WHAT THE TASK REQUIRES: All lines at and after the one containing "415bacb85bac Svetlomodrá tylová", up to the end of the listing below, are to be printed exactly, with the pictures omitted.

--- DATA PROVIDED Enclosed Below ---

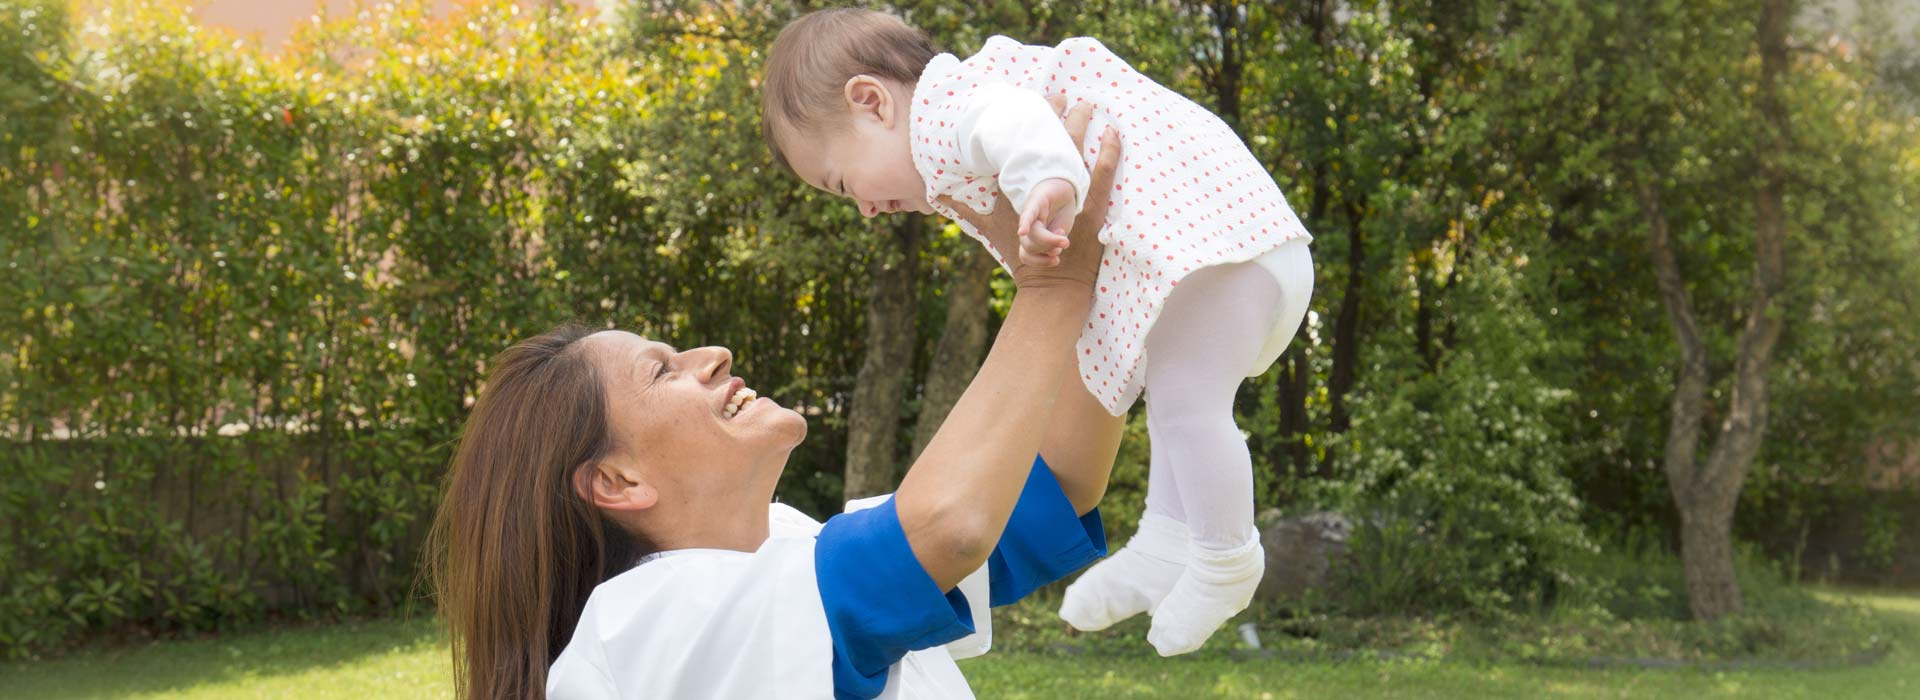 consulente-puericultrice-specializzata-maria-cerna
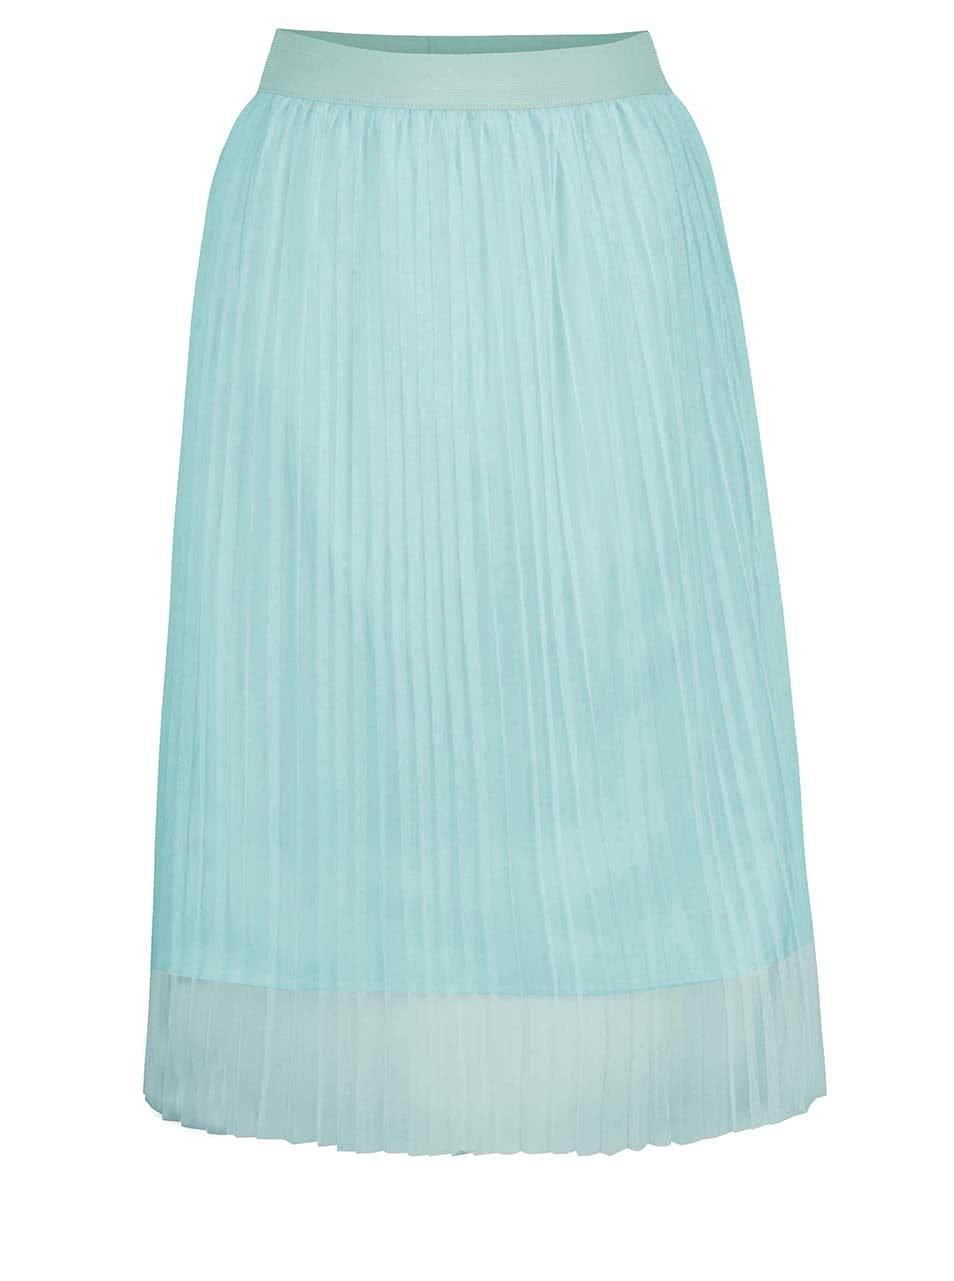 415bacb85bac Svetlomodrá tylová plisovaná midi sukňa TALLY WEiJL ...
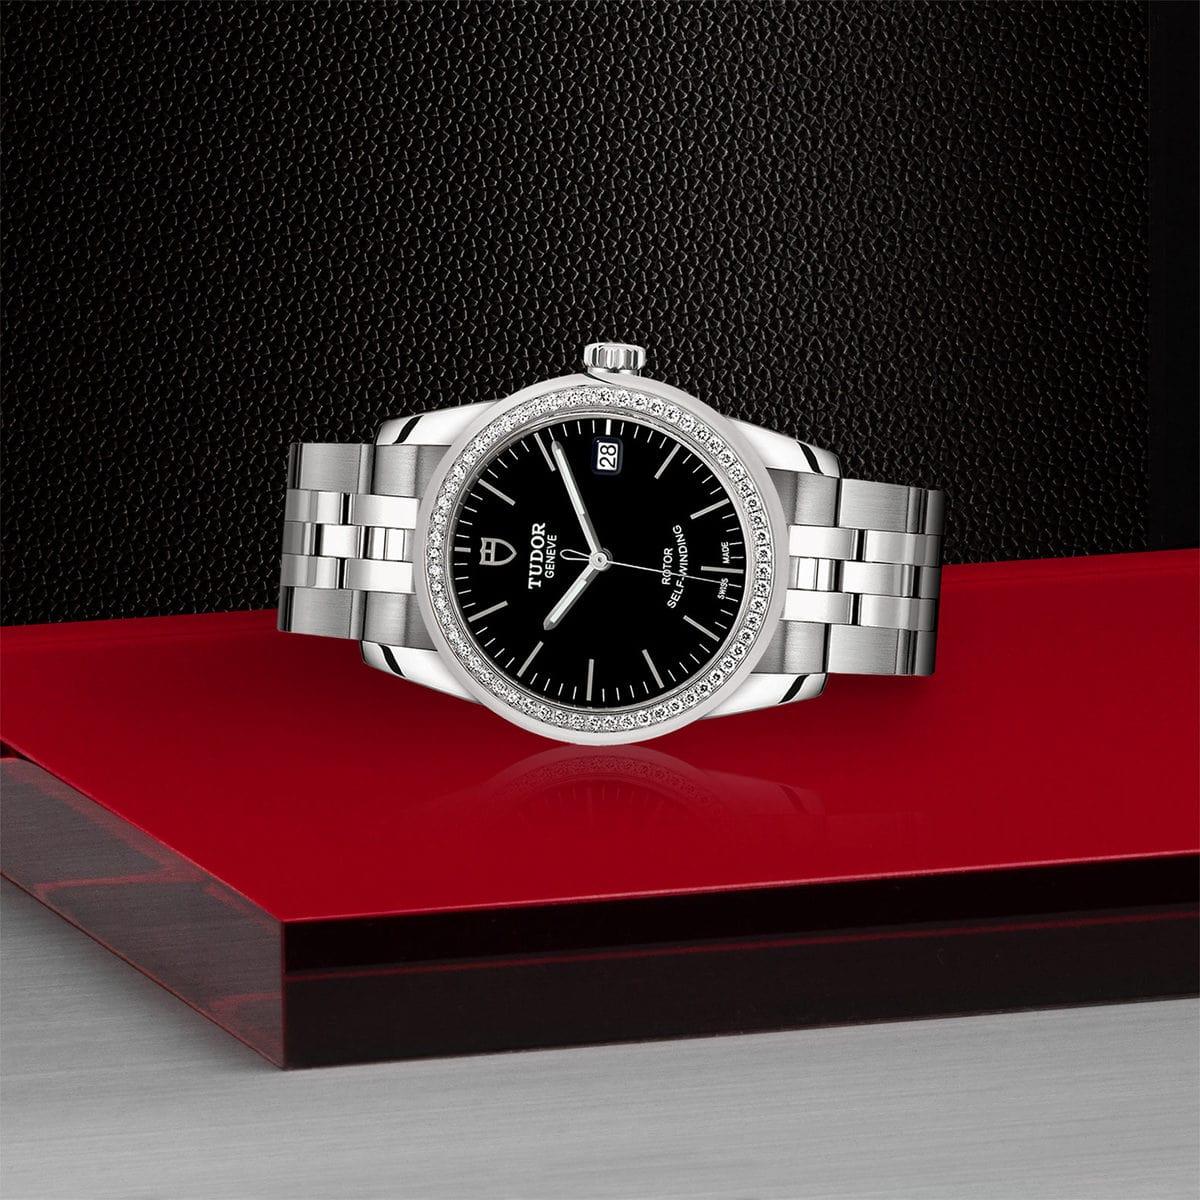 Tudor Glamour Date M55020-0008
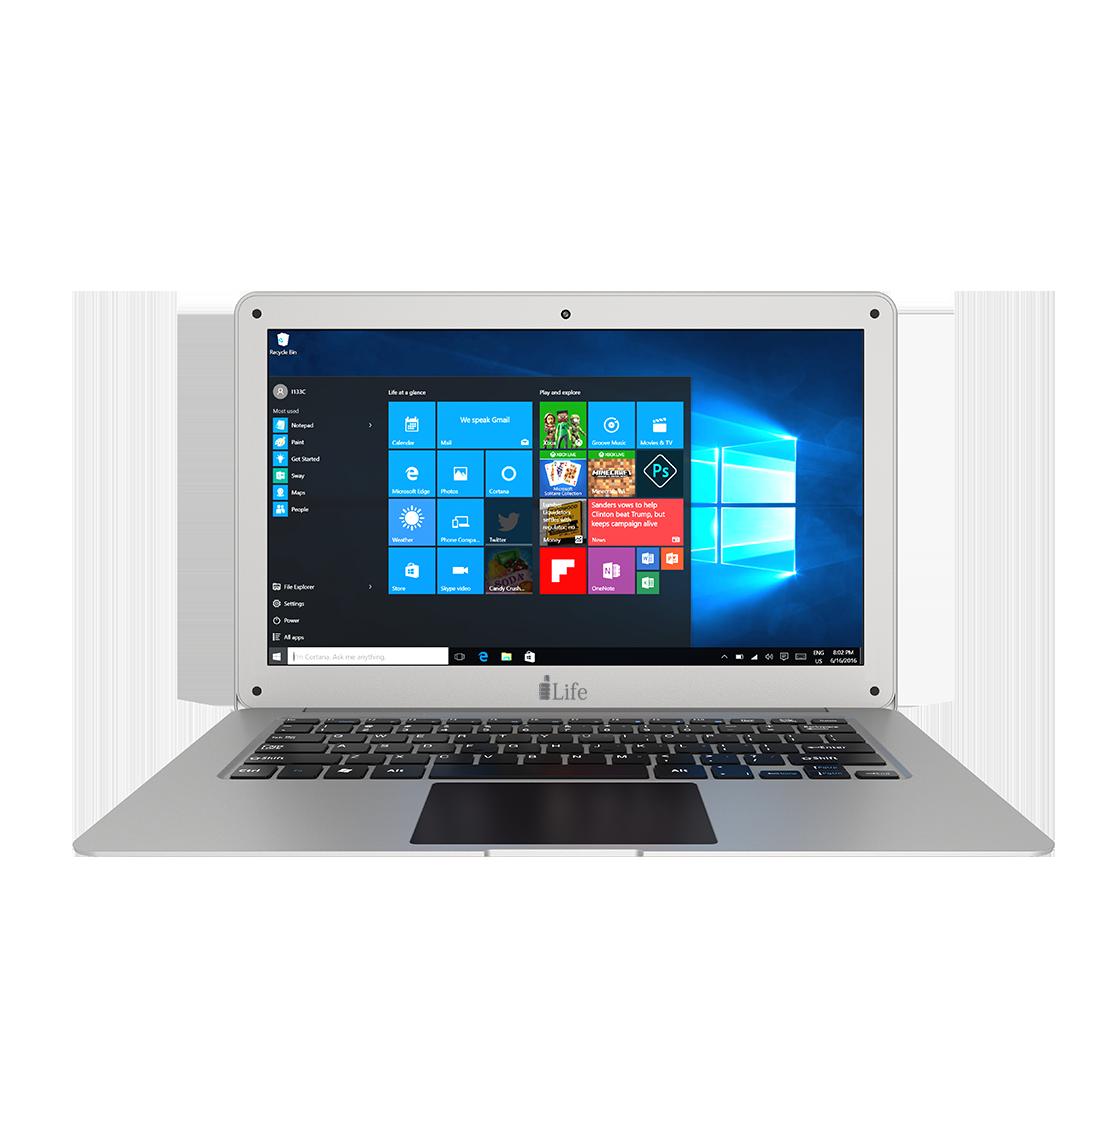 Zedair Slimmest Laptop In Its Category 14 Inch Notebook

--- End of Enclosed DATA PROVIDED ---

OUTPUT OF THE TASK:
 415bacb85bac Svetlomodrá tylová plisovaná midi sukňa TALLY WEiJL ...
 Tudor Glamour Date M55020-0008
 Zedair Slimmest Laptop In Its Category 14 Inch Notebook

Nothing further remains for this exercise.